What about the problem of having occasional "gay thoughts"? This can re-stimulate those old incriminating internal messages. "Who am I kidding?" some ex-gay men say to themselves. "Maybe what I've accomplished in my life is not good enough. Could what those gay activists are saying, be true? They say that no matter how much we struggle to accomplish, in the final analysis, we'll just end up again being 'one of them'."

Whenever an ex-gay figure has stumbled, activists waited with cameras and reporters--delighted, indeed, to chronicle their fall.

But should the man who still struggles with some unwanted feelings really consider himself unchanged and unworthy? In the most recently publicized study on change, Robert Spitzer speaks of change as occurring on a continuum--not "either/or"--but as a diminishing of homosexual feelings and an increase in heterosexual attractions. The expectation of complete change (with never again a homosexual feeling) is, Spitzer accurately notes, simply not realistic.

Love in Action Ministry's June 2001 newsletter underscores the same theme--that we must see change in terms of "progressive freedom" toward a desired goal, not asking simplistically, "Did he change, or didn't he?"

John Paulk made this distinction very clear in a recent interview with the Charlotte World. He said,

"...I think that when you communicate in a media sound bite, and they ask you, "Have you changed and overcome homosexuality?" it's hard to answer that with a "yes" or "no" because sexuality is not a black-or-white issue. It runs on a continuum. I don't care who you are, there is a continuum to sexuality, sexual struggle, sexual temptation, and behavior.

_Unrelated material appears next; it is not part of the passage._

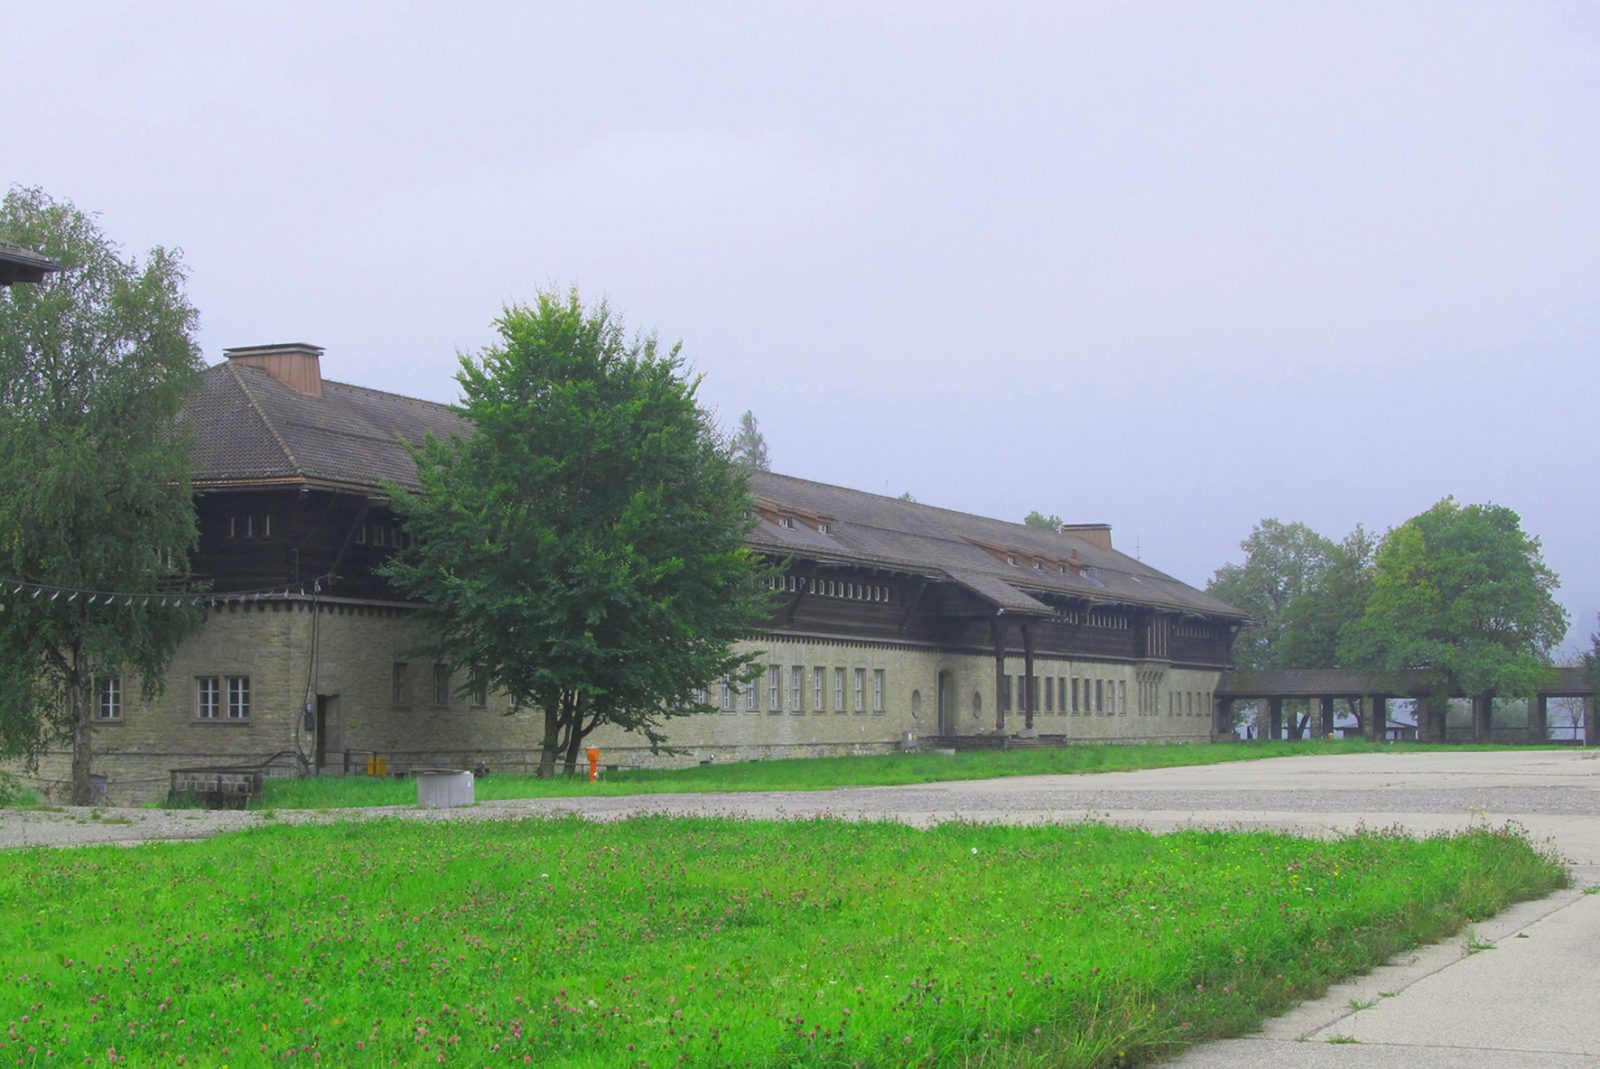 GOB-Kaserne Sonthofen, Generalsanierung

"I think what we have done in our movement is to respond the way the media wanted us to respond, by saying, "Yes, I have changed. It's all washed up, and I am done with it, and now it's packaged and pretty. Here's my wife and two beautiful children."

But in reality, John explains, many people still lead very satisfying and victorious lives while dealing with some persistent remnant of the old struggle that brought them to therapy in the first place. This doesn't mean they've failed to change. It only means they're human.

So, having been dubbed the "invisible population," ex-gays have, I believe, brought some of this invisibility upon themselves by continuing to perceive themselves as insignificant and unworthy in contrast to "the authorities" who will measure (and therefore "bestow validity upon") their life-changing achievement.

As we mature, we have an increasing obligation to give of ourselves for others. (This is an adult-making exercise in itself). When a man "hides his lantern under a basket," he has failed to credit himself with a life-changing triumph.